NCBI data submission overview

Before starting your first data submission it is imperative first establish your submission environment at NCBI. For most pure-culture microbial surveillance projects the BioProject structure will be taxonomically focused (Fig. 5); therefore, a BioProject structure will first be established around each pathogen species of interest. Each species-specific BioProject will contain both the isolate metadata (BioSamples) and the sequence data collected from each isolate (raw sequence at SRA and/or annotated assemblies in GenBank). Accompanying this Best Practices is a custom NCBI submission protocol [37] tailored for genomic epidemiology data submission, which represents an expansion of Timme et al.’s submission protocol [38].

Fig. 5

Overview of the database structure at NCBI showing an example Salmonella umbrella BioProject with three linked laboratory data BioProjects, each with their own BioSamples and associated sequence data

Creating BioProjects

BioProjects are an organizing tool at NCBI [39, 40] that pull together different kinds of data submitted across multiple NCBI databases. Each BioProject contains a unique URL, providing a home page with a title, description, links to lab websites, publications, funding resources associated with a particular project, along with links to the deposited data. A basic BioProject holds actual sequence data, assemblies, and their associated metadata. An umbrella BioProject is a way to group two or more basic BioProjects together, which is useful for disease surveillance and for looking across the grouped BioProjects in a single view. If specific umbrella BioProjects are intended for disease surveillance on the NCBI-PD, then the project can be “flagged” reflecting this intention. The result is that any sequence data submitted to a flagged BioProject (data or umbrella BioProject) will automatically get processed through the NCBI-PD pipeline. For example, in the GenomeTrakr network there is one flagged umbrella BioProject for each pathogen species under active surveillance at NCBI-PD (e.g. one for Salmonella, Listeria, etc.). The Salmonella umbrella contains 51 data BioProjects, each associated with a contributing laboratory and each inheriting the umbrella NCBI-PD flag: https://www.ncbi.hlm.nih.gov/bioproject/183844. Individual data BioProjects can also be flagged, enabling flexibility for different types of submitters. Consult the NCBI submission protocol [37] for linking to or establishing new umbrella and data bioprojects.
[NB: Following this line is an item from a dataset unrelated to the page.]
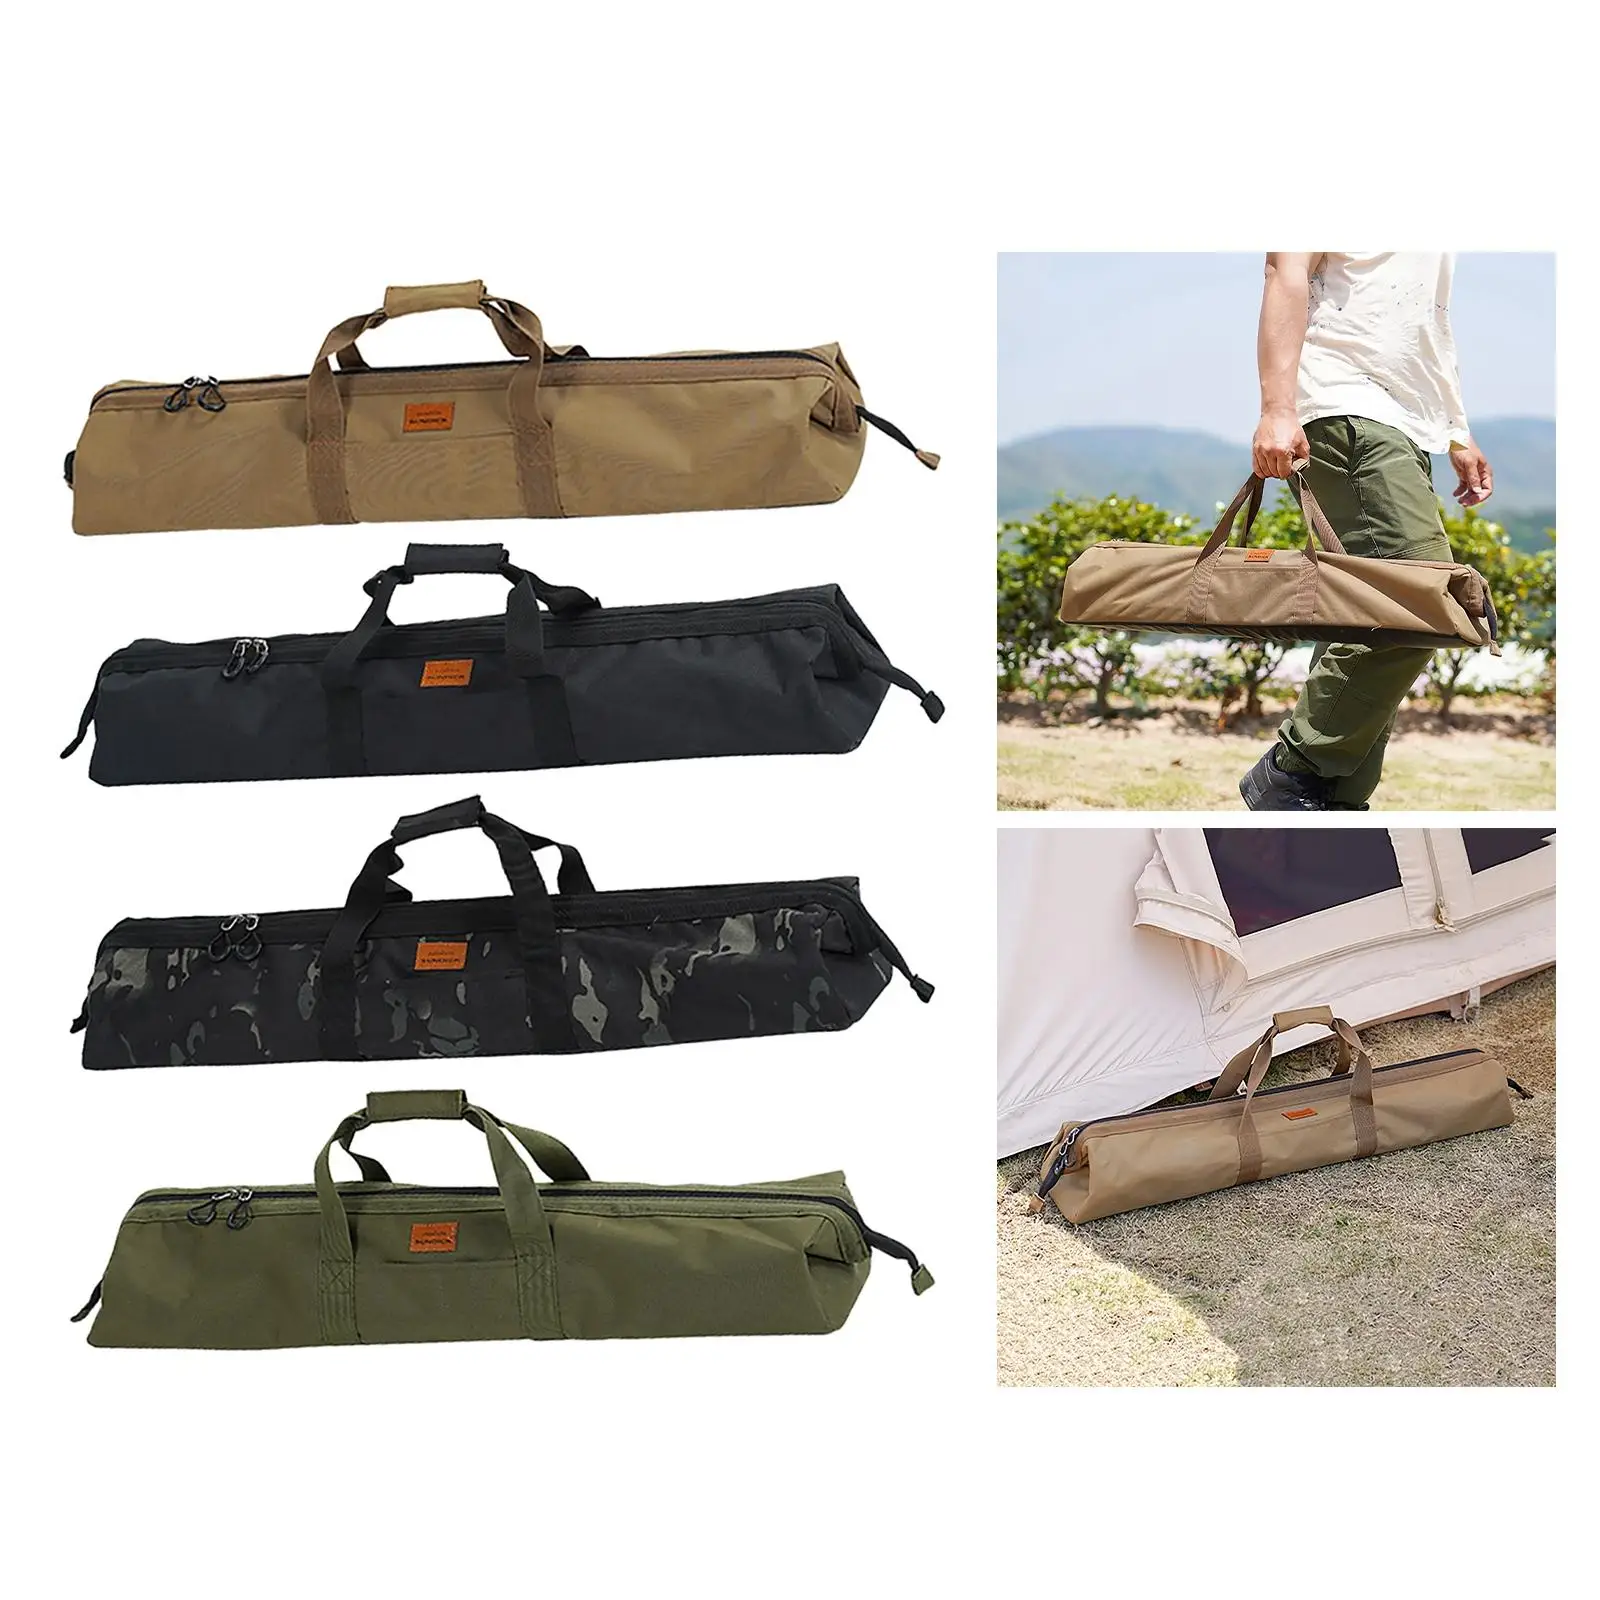 Canopy Pole Storage Resistant with Handle Zipper Closure Carrying Bag  Pole

If your laboratory is already a member of an established surveillance network you should first check to see if they would like you to link to their existing umbrella BioProject. For reference, the GenomeTrakr umbrella BioProjects are listed and kept current within this protocol.

Submitting metadata

The BioSample database at NCBI is designed to hold the metadata for “samples,” or biological source materials [39], which can be many different things depending on your research. For microbial pathogen surveillance and GenomeTrakr these materials are the pure-culture bacterial isolates. Before collecting sequence data for your isolates, ensure that you can provide the minimum metadata recommended by your coordinating surveillance body. In Table 2, we provide the GenomeTrakr guidance on how to populate the Pathogen metadata package (see Appendix D for expanded guidance), along with a core set of recommended fields that users should populate with contextual data. Step-by-step instructions for submitting isolate metadata to NCBI are given in the “BioSample creation” section of the NCBI submission protocol [37]. If it becomes necessary to update, correct, or retract a Biosample registration, consult the NCBI Data Curation Protocol [41].

Submitting sequence data

NCBI comprises separate databases that hold the different types of DNA, RNA, or assembled sequence data [42]. For example, the nucleotide database (often called, simply, “GenBank”) holds annotated DNA or RNA sequence data, complete or draft bacterial genomes, complete chloroplast or mitochondrial genomes, individual gene sequences, and phylogenetic alignment datasets, such as internal transcribed sequence (ITS) datasets. The Sequence Read Archive (SRA) [42, 43] database houses unannotated raw high throughput DNA or RNA sequence reads: for microbial pathogen surveillance these are the Illumina FASTQ file sequences collected from the pure cultured isolates registered in the BioSample database. For each isolate registered in Biosample, there is usually one associated SRA submission (only one SRA submission per isolate is recommended), linked by the run accession (SRR#######). A separate draft or complete genome can be submitted to GenBank under the same BioSample accession, but this is not required. NCBI submits the annotated assemblies they create as part of the Pathogen Detection Pipeline to GenBank. A detailed protocol for submitting raw sequence data to SRA is included in the NCBI Submission protocol.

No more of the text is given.